The patient says: “The doctor said I am being discharged today.”
The nurse replies: “I don’t see discharge orders in the chart and the doctor did not tell me you are supposed to be discharged today.”
Several hours later the nurse arrives and says: “I spoke to the doctor and the doctor will be coming in to do a final exam and write the discharge orders. The doctor will also give you post-discharge instructions.”
Several hours later (and there has been a change of shift for nurses), the physician arrives, does a final exam, provides the patient with post-discharge instructions and says:
“Yes you will be discharged today.

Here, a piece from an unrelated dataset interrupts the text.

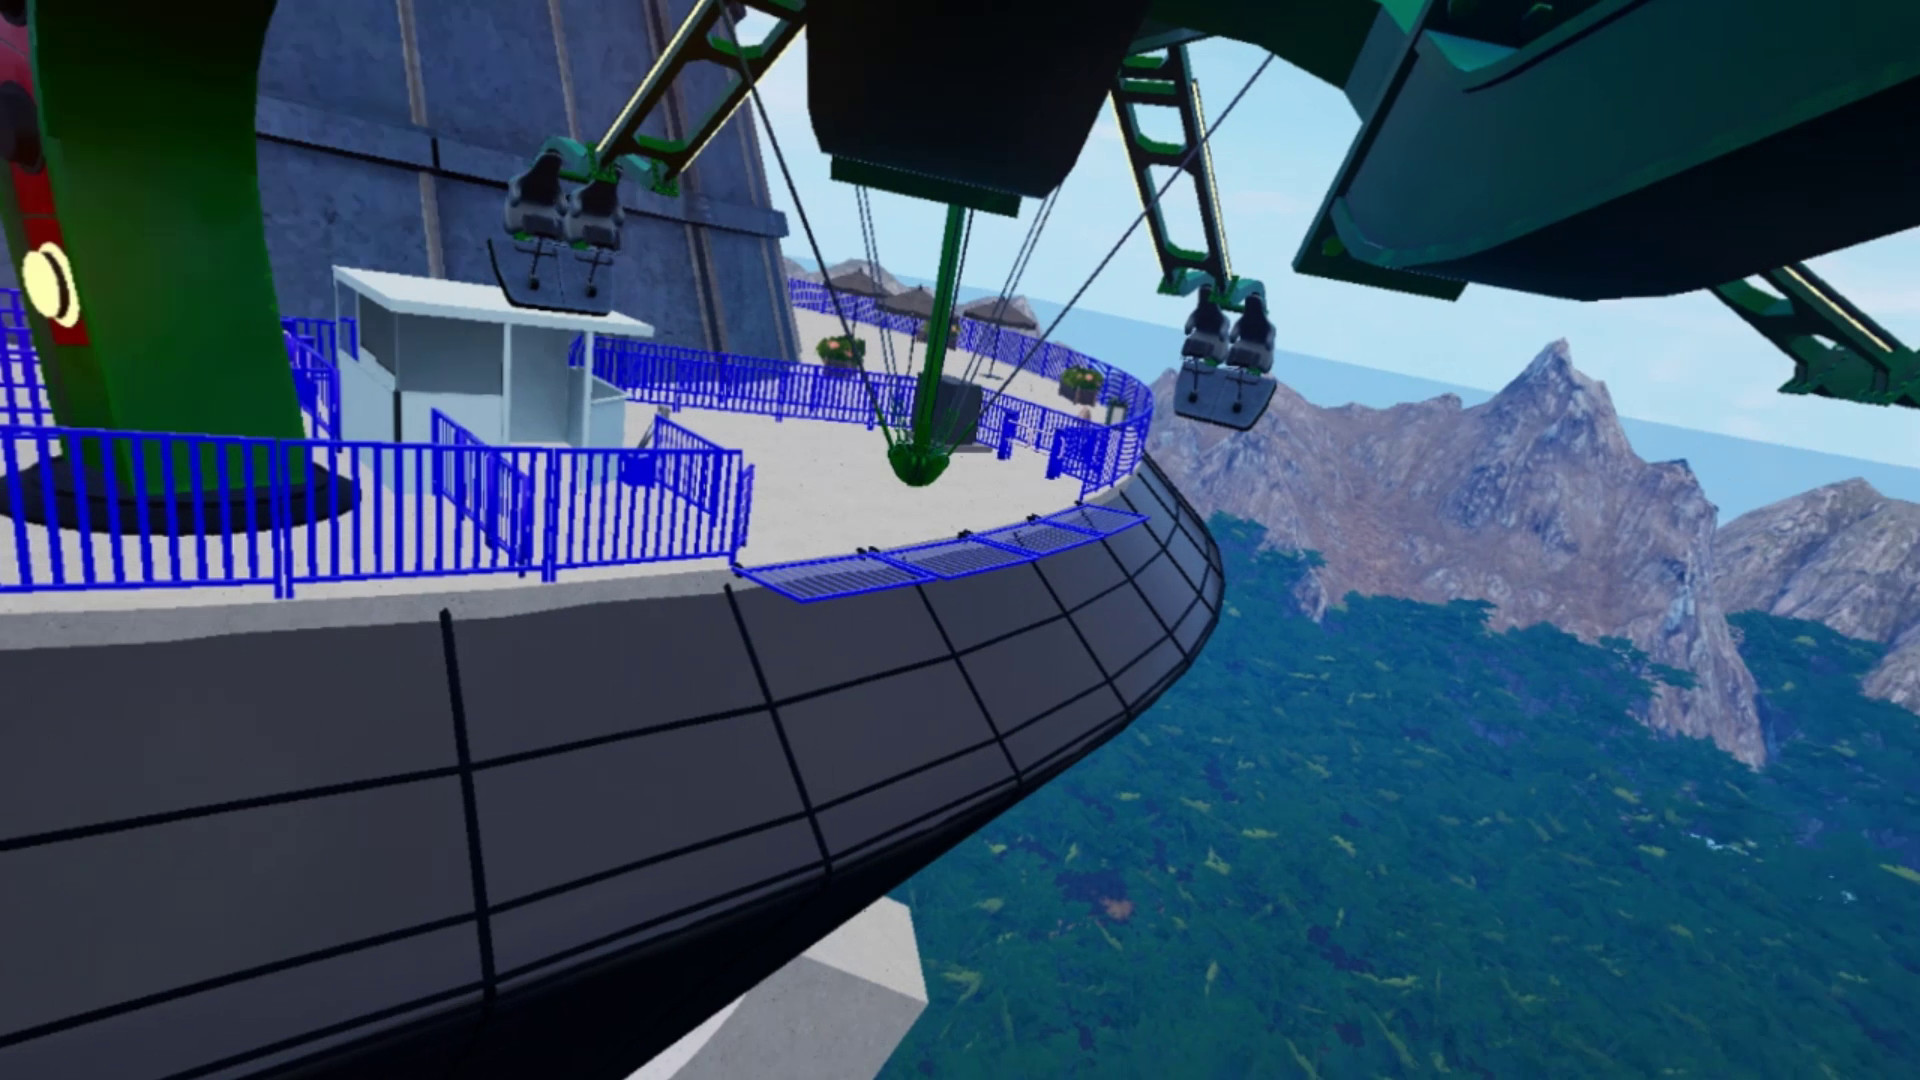 Vr ride. RIDEOP: Thrill Ride Simulator. RIDEOP. VR Arena. RIDEOP: Thrill Ride Simulator Pico 4.

Before you can leave the hospital, the nurse has to give you instructions.” Much of what the physician told the patient, the patient did not completely understand but was “afraid” or too “ashamed” to ask questions.
The patient gets dressed, expecting to be discharged imminently. Several hours pass. The nurse arrives with a long list of post-discharge instructions, some of which match up with those given by the physician, but some do not…some are written and some are verbal. Again, the patient did not completely understand all the instructions.
After a day or two after discharge the patient did not remember much of what was conveyed verbally.
Please answer the following questions:
What were the barriers to effective communication which could have affected patient quality of care, safety, and satisfaction?
Propose how your identified ineffective communication practices could be overcome.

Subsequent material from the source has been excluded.